All classical numerical algorithms were first implemented in FORTRAN and ALGOL [1-6] and later translated to many other languages. Numerous robust, efficient and reliable algorithms in FORTRAN still are freely available from various repositories [7-13].

The algorithms usually are well documented and include testing programs and data. Sometimes the old FORTRAN libraries are the only source of certain algorithms. If necessary, I borrowed and translated some algorithms to Pascal, C++, and C#.

There are many numerical packages in Python. However, the ability to convert the old good FORTRAN algorithm is still of interest (at least for me).

The developed conversion algorithm is focused on Fortran 90. This version is closer to modern languages, which makes it easier to convert using simple string manipulation. On the other hand, a lot of code was already converted to this (and later) versions.
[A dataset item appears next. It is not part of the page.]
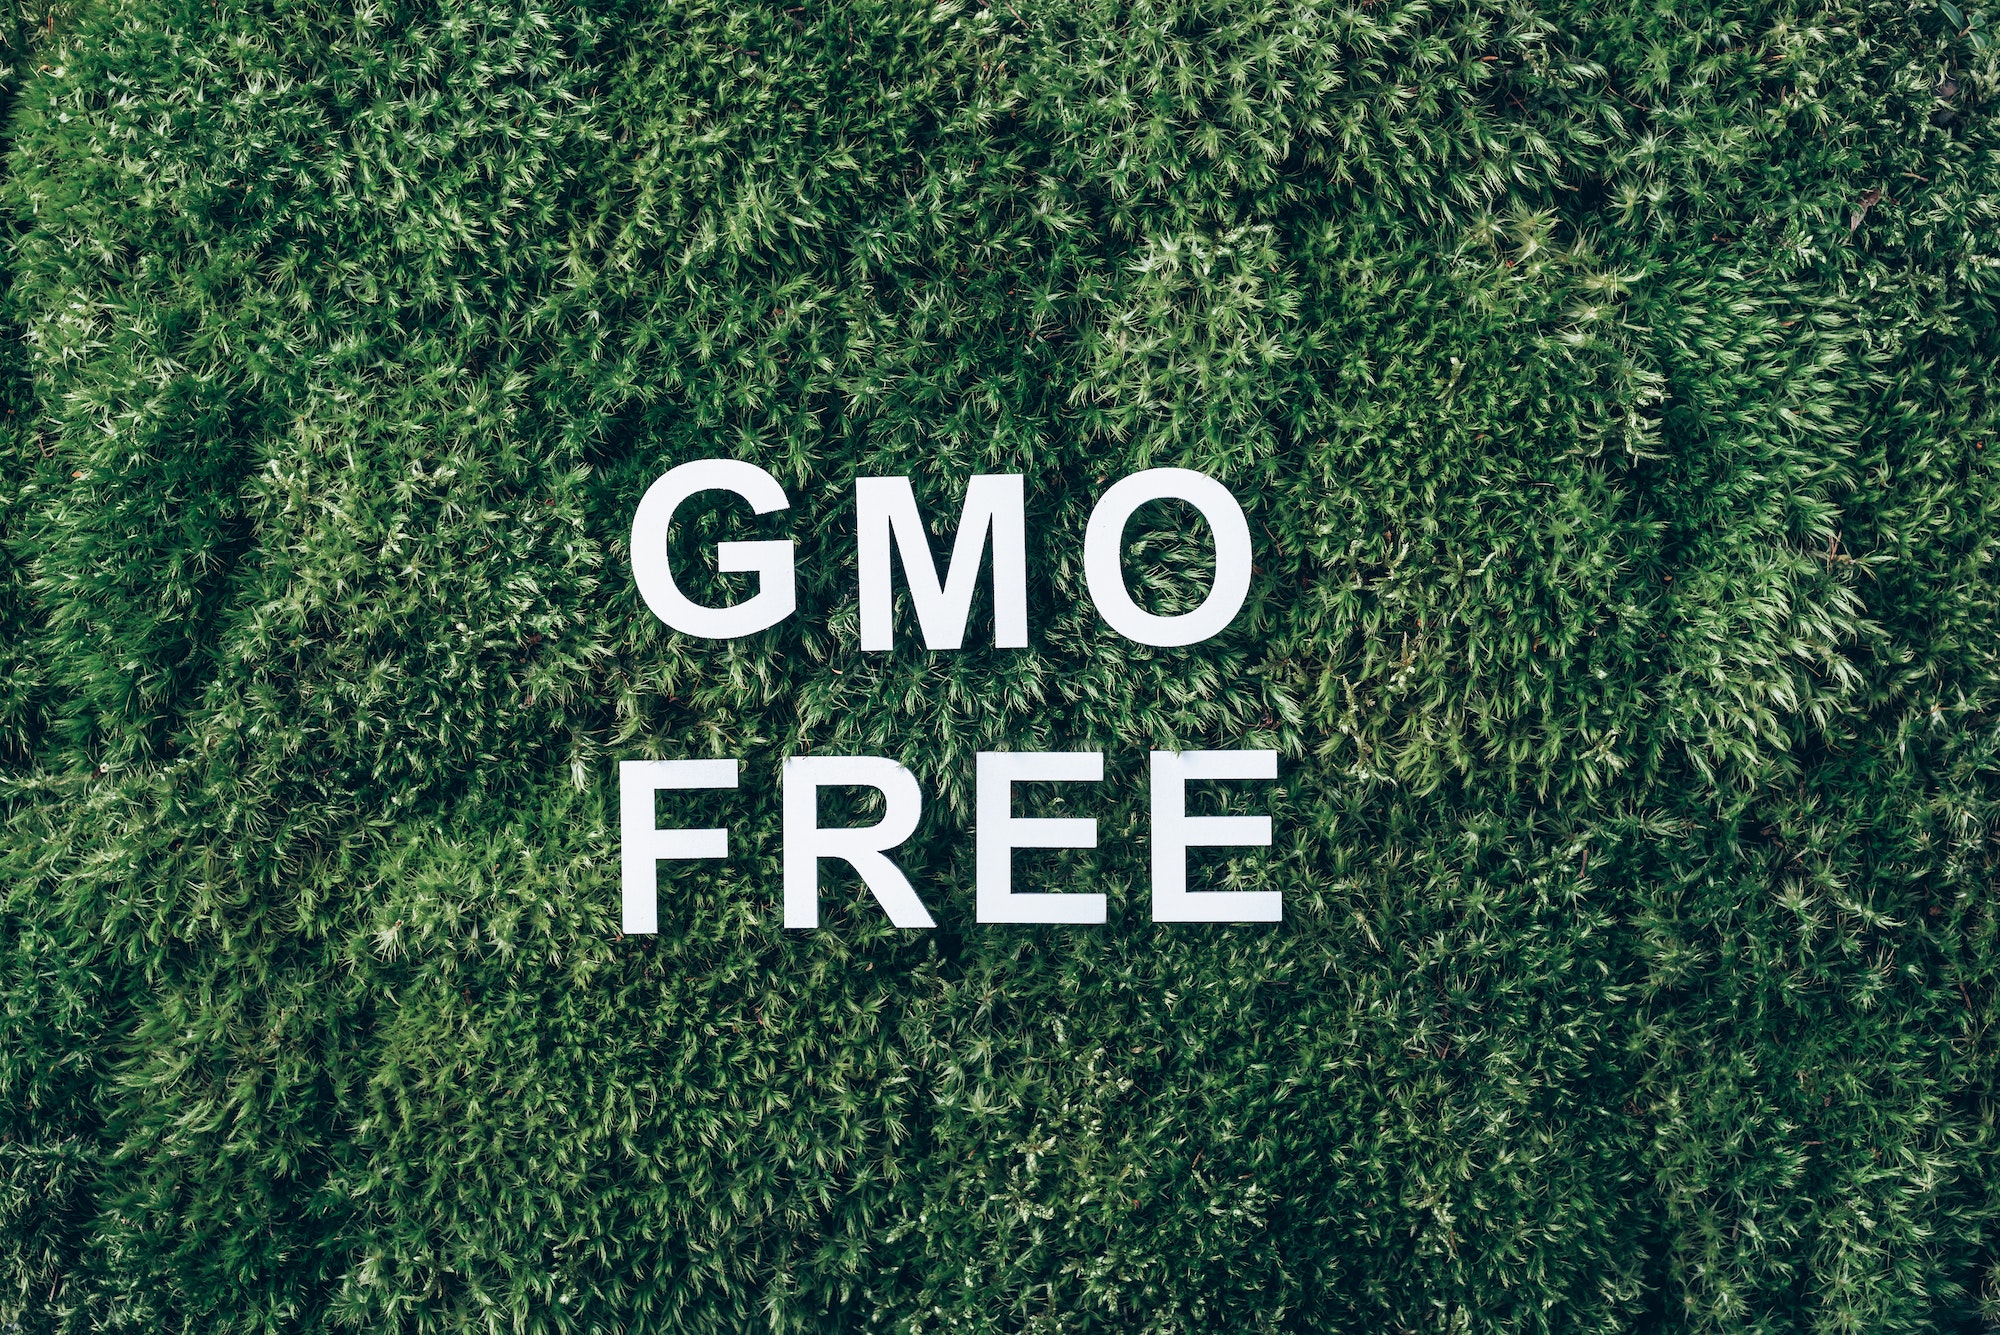 Inscription GMO FREE on moss, green grass background. Healthy diet concept

The earlier versions will be addressed in a separate project.

2. Algorithm

The algorithm includes the folliwing steps.

  1. Replacement of Fortran statements with corresponding Python statements.
  2. Replacement of math functions
  3. Commenting out Fortan-specific statements
  4. Conversion of 'do' loops to 'for' loops
  5. Convertion of array access from '( )' to '[ ]'
  6. Conversion of function headers

 

2.1. Replacement of Fortran statements with corresponding Python statements

Fortran Python Remark
   '!'   '#'  Comment
  '\t'   '    '  Tab → 2 spaces
  '.d0'   '.0'  
  'd0'   '0'  
  '.eq.'   ' == '  
  '.ne.'   ' != '  
  '/='   ' != '  
  '.lt.'   ' < '  
  '.gt.'   ' > '  
  '.le.'   ' <= '  
  '.ge.'   ' >= '  
  'then'   ':'  
  'else if'   'elif'  
  'else'   'else:'  
  '&'   '\\'  Continuation
  '.and.'   ' and '  
  '.or.'   ' or '  
  '.true.'   ' True '  
  '.false.'   ' False '  
  'end if'   ''  
  'do while'   'while'  
  'program'   'def'  
  'function'   'def'  
  'subroutine'   'def'  

The replacements are stored as a list of pairs.

map_list=[('!','#'),
    ('\t','    '),
    ('.d0','.0'),
    ('d0','0'),
    ('.eq.',' == '),
   . . . . . . . . .

The below case-insensitive replace function is used. It skips comments (from '#' to the rest of a line).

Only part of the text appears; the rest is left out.